Sam McGrath
Le crédit unique de Sam McGrath dans CaSTV porte une sonorité irlandaise ou anglo-celtique qui fait immédiatement penser aux récits de transmission, aux terres humides, aux familles où le passé circule avec une politesse dangereuse. Il ne faut pas déduire un pays d'un nom, mais on peut reconnaître une tonalité: McGrath arrive dans le catalogue comme une signature propice aux histoires de dette, de retour, de croyance mal éteinte. L'horreur aime ces résonances.
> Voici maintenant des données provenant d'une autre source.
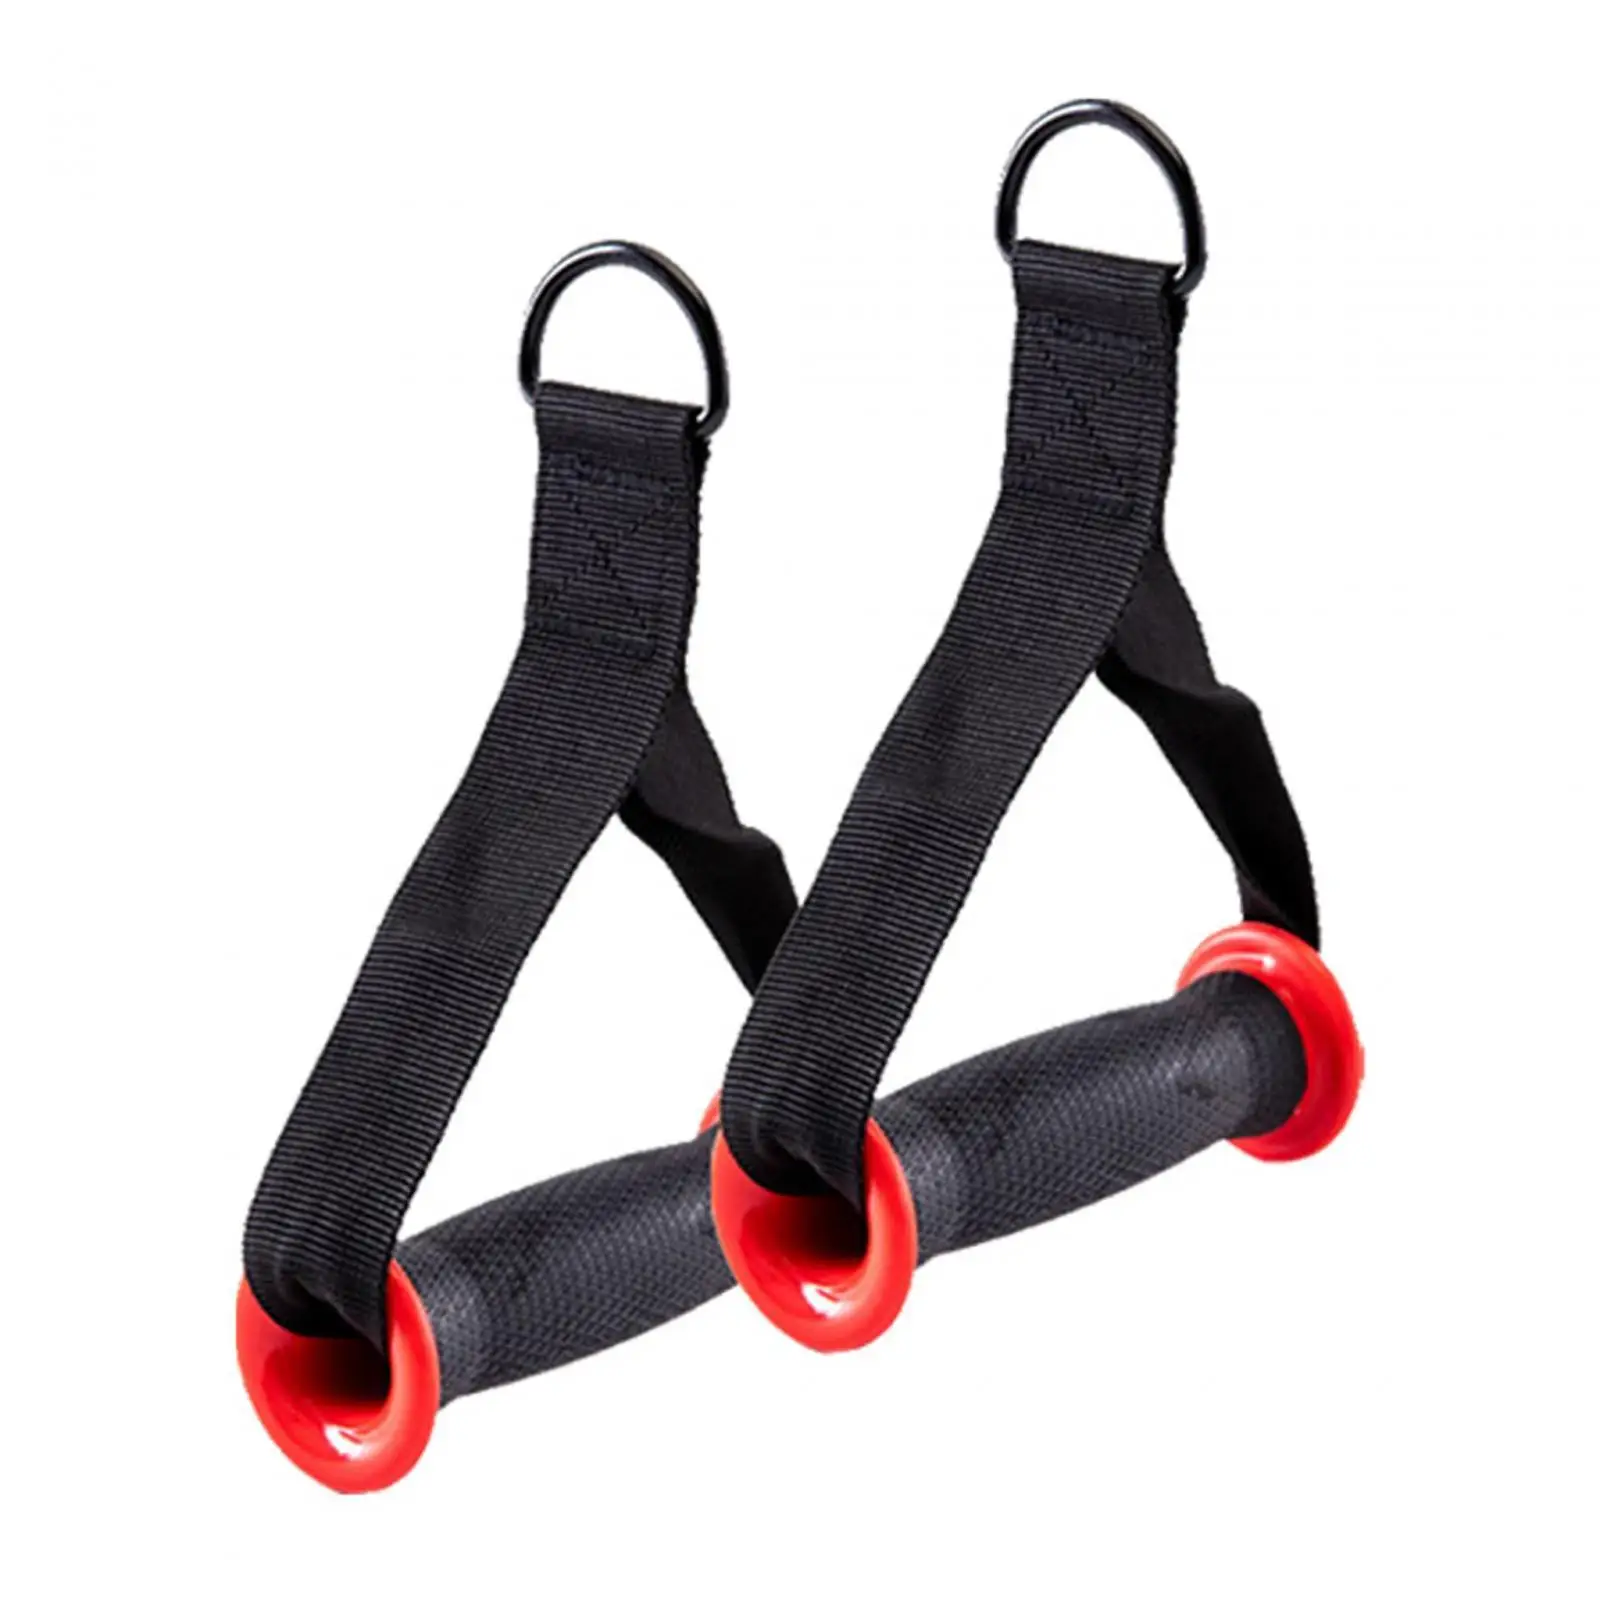 2x Cable Machine Attachment Handles Push Pull Body Fitness Ab Workout Heavy Duty Cable Attachment Tricep Rope Press Handles
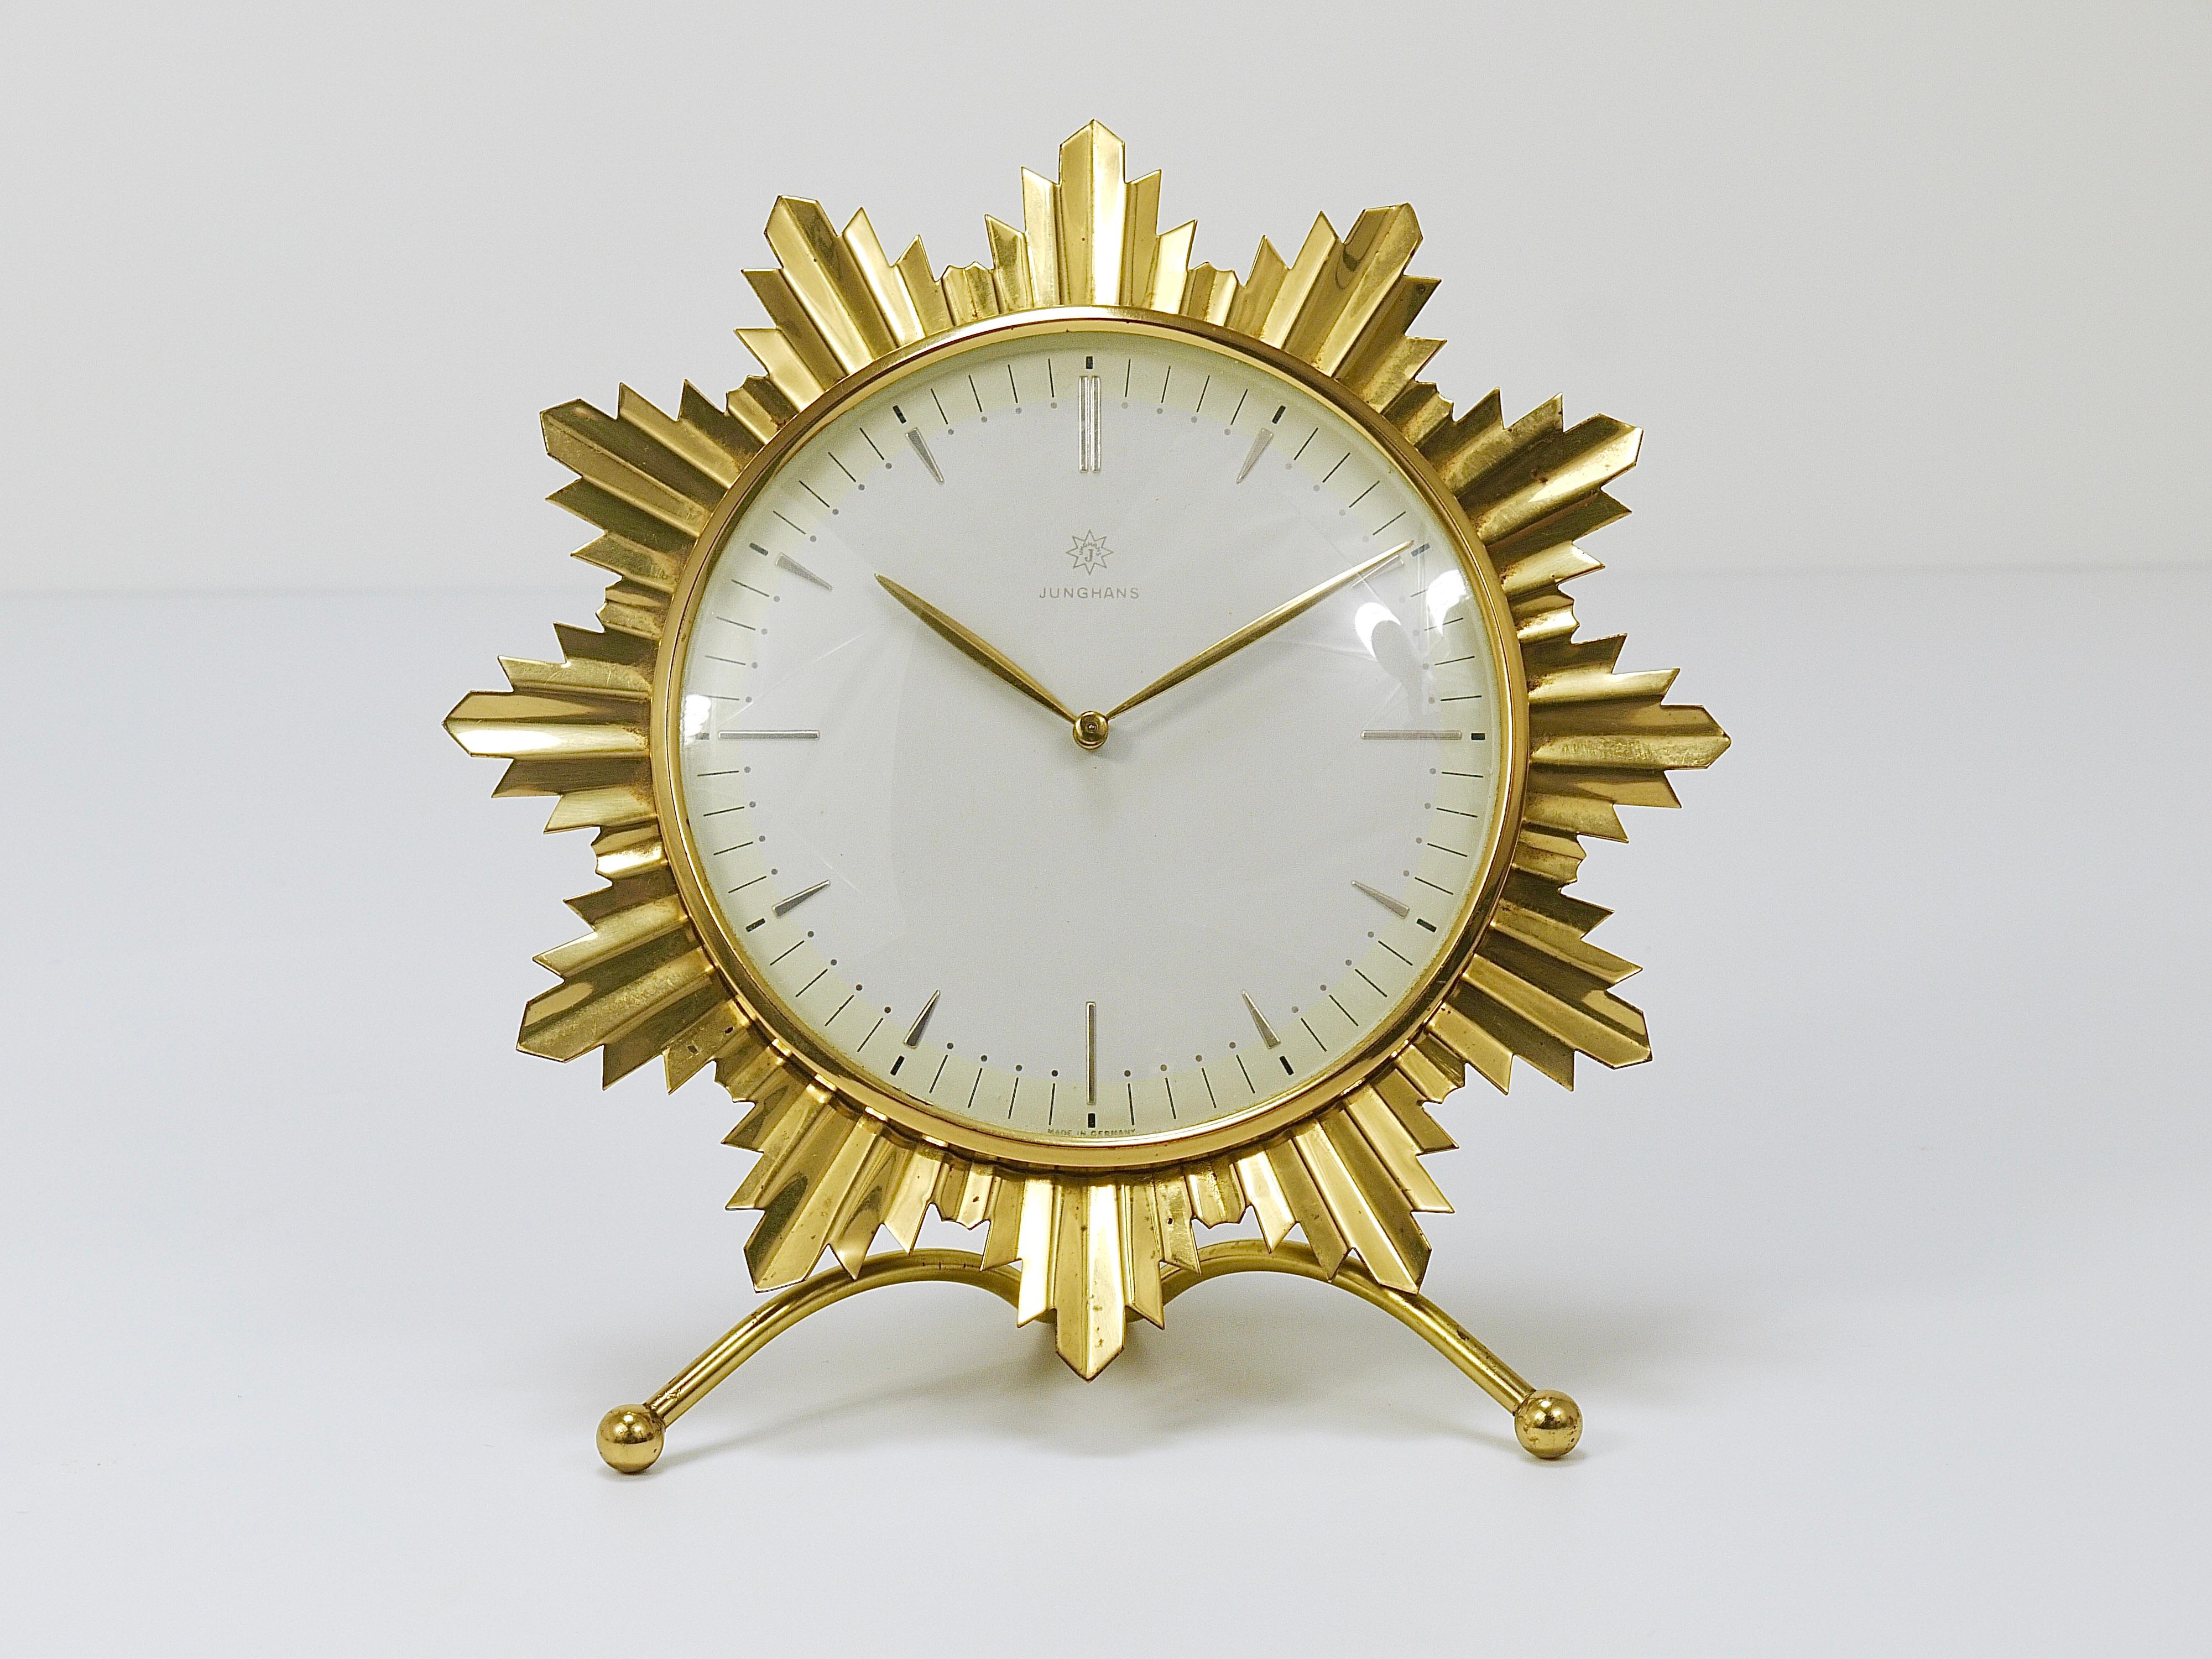 A wonderful Atomic Starburst Hollywood Regency table or desk clock from the 1950s, executed by Junghans Germany. The clock has a beautiful withe and pastel yellow clocks face with golden hands and indices and a nice sunburst brass frame. The clock

Cette entrée demande une approche mesurée. Un seul crédit ne permet pas de définir une carrière, mais il permet de situer un geste dans la grande conversation du genre. Le folk horror a montré à quel point les noms, les lieux, les lignées et les rites pouvaient devenir des structures de peur. Même lorsqu'un film ne relève pas directement de cette catégorie, il peut partager avec elle une intuition: le présent n'est jamais seul, il arrive toujours après des pactes qu'il ignore.
Sam McGrath, dans CaSTV, se lit ainsi comme une présence de mémoire. Le cinéma d'horreur ne se contente pas de menacer les corps; il menace la continuité des récits que les personnages se racontent sur eux-mêmes. Une famille croit connaître son histoire, puis une pièce, une photo, un mort ou un voisin contredit cette version. La peur surgit quand l'identité devient un dossier incomplet.
Il serait inutile d'écrire autour de McGrath une légende que le catalogue ne fournit pas. L'intérêt est plus subtil. Les plateformes spécialisées et les bases comme TMDB, MUBI ou Letterboxd conservent des noms qui appartiennent à une mémoire fragmentaire du cinéma de genre. Cette mémoire permet de suivre les oeuvres modestes, les courts, les films de festival, les essais qui ne cherchent pas forcément à devenir des événements médiatiques. McGrath appartient à ce réseau de traces qui comptent parce qu'elles élargissent le champ.
Dans les années 2010 et les années récentes, l'horreur a beaucoup travaillé la question de l'héritage. Héritage familial, culturel, religieux, génétique, économique. Les personnages ne sont plus seulement attaqués par quelque chose d'extérieur; ils découvrent que la menace faisait déjà partie d'eux. Cette évolution donne un cadre pertinent à une signature comme McGrath, non pour l'enfermer, mais pour entendre ce que son crédit peut faire résonner.
La forme courte ou isolée intensifie ce rapport à l'héritage. Quand un film dispose de peu de temps, il doit suggérer une histoire longue par des signes très précis. Une manière de prononcer un nom. Une maison dont personne ne parle normalement. Une règle familiale qui semble absurde jusqu'à ce qu'elle devienne vitale. Ces éléments appartiennent au vocabulaire profond de l'horreur, celui qui transforme le quotidien en archive hostile.
Sam McGrath trouve donc sa place dans CaSTV comme une entrée de filiation et de trouble. Son nom ne dit pas tout, mais il ouvre une porte vers un imaginaire où la peur pourrait venir d'avant nous. Le genre a besoin de ces portes. Elles rappellent que le monstre n'est pas toujours devant. Il est parfois derrière, dans la phrase qu'on répète sans savoir qui l'a inventée, dans le nom que l'on porte, dans la mémoire qui refuse de rester enterrée.